Les Vallier de Plampinet, fondeurs de cloches et les autres fondeurs briançonnais Barbe et Gautier, par Jean Vallier.

Éditions du Fournel, 2009.

316 pages en 14,5 × 20,5.

ISBN : 978-2-915493-95-5.

L’ouvrage comporte : préface de Pierre Paccard (fondeur de cloches contemporain), introduction, 7 chapitres, annexes, bibliographie.
Il est illustré de nombreuses photographies (certaines en couleurs), facsimilé de documents, figures géométriques.
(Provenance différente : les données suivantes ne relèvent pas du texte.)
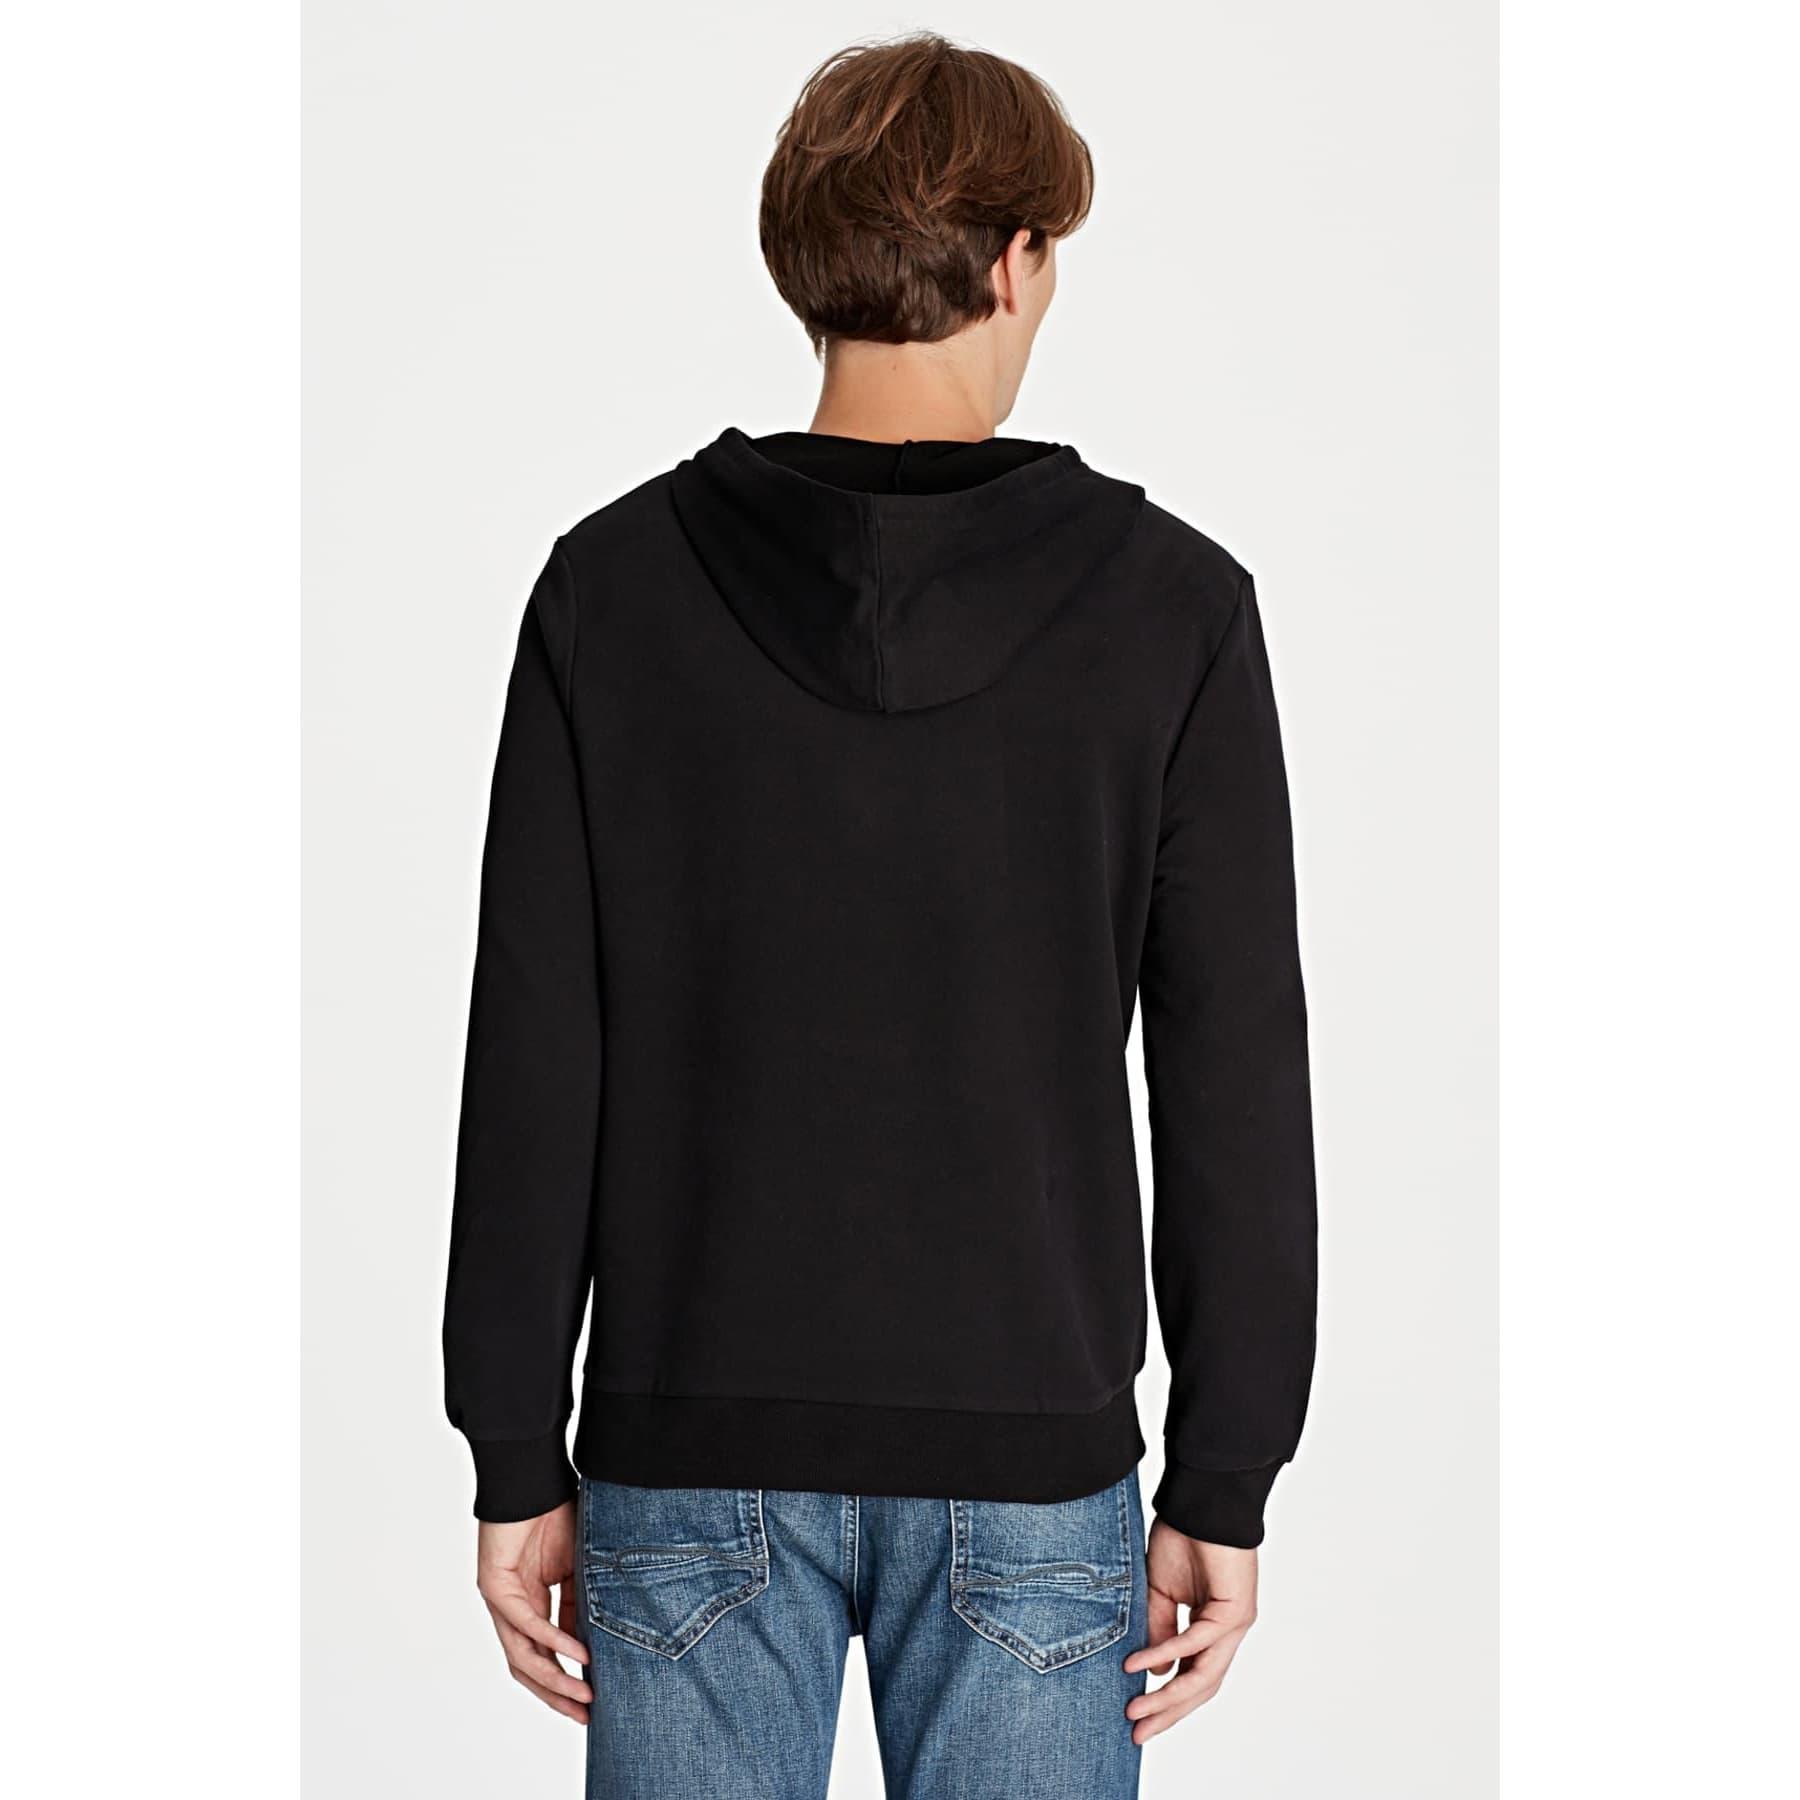 Mavi Jeans Erkek Siyah Kapüşonlu Sweatshirt

Pourquoi présenter ici un livre sur les fondeurs de cloches ? Parce que les mathématiques sont omniprésentes dans quatre des sept chapitres, ainsi que dans les annexes.
L’auteur, descendant d’une longue lignée de fondeurs (250 ans), est aussi physicien. Il étudie donc de façon détaillée l’acoustique des cloches, leur mode vibratoire (les partiels, pas toujours de fréquences multiples les unes des autres ; méridiens et parallèles nodaux ; …), la propagation de leur son (intervention de l’effet Doppler, amortissement différent de chaque fréquence), le rapport entre leurs dimensions et les sons émis : règle de similitude, établie empiriquement par le père Marin Mersenne.
Il nous donne l’enregistrement des spectres acoustiques des cloches de l’église de Plampinet, et les commente ; il nous montre et nous explique les « brochettes » des fondeurs, tiges où des repères gravés fournissent les dimensions, et la quantité de métal nécessaire, pour qu’une cloche donne une note prédéterminée ; il compare la gamme des fondeurs à celles de Pythagore et de Zarlino. Il étudie également la géométrie des cloches, le tracé de leur profil à la règle et au compas, et y retrouve le nombre d’or et le pentagramme (dont il fournit une construction). Les annexes contiennent des rappels mathématiques.

Le reste de l’ouvrage est consacré pour l’essentiel à des études généalogiques et historiques, et des inventaires de cloches.

Certains lecteurs pourront être agacés par la surabondance de détails (fac-similé et transcription de contrats, relevé des dimensions et inscriptions sur chaque cloche, …) ; d’autres seront sensibles au charme de l’ancien français, des tournures juridiques désuètes, de l’écriture cursive, ainsi qu’à certaines anecdotes historiques : la réquisition des cloches pour fournir le bronze des canons napoléoniens, la résistance de certains villages qui les sauvent en les enterrant.

On ne peut en tout cas qu’être admiratif devant la quantité et la qualité des recherches accomplies.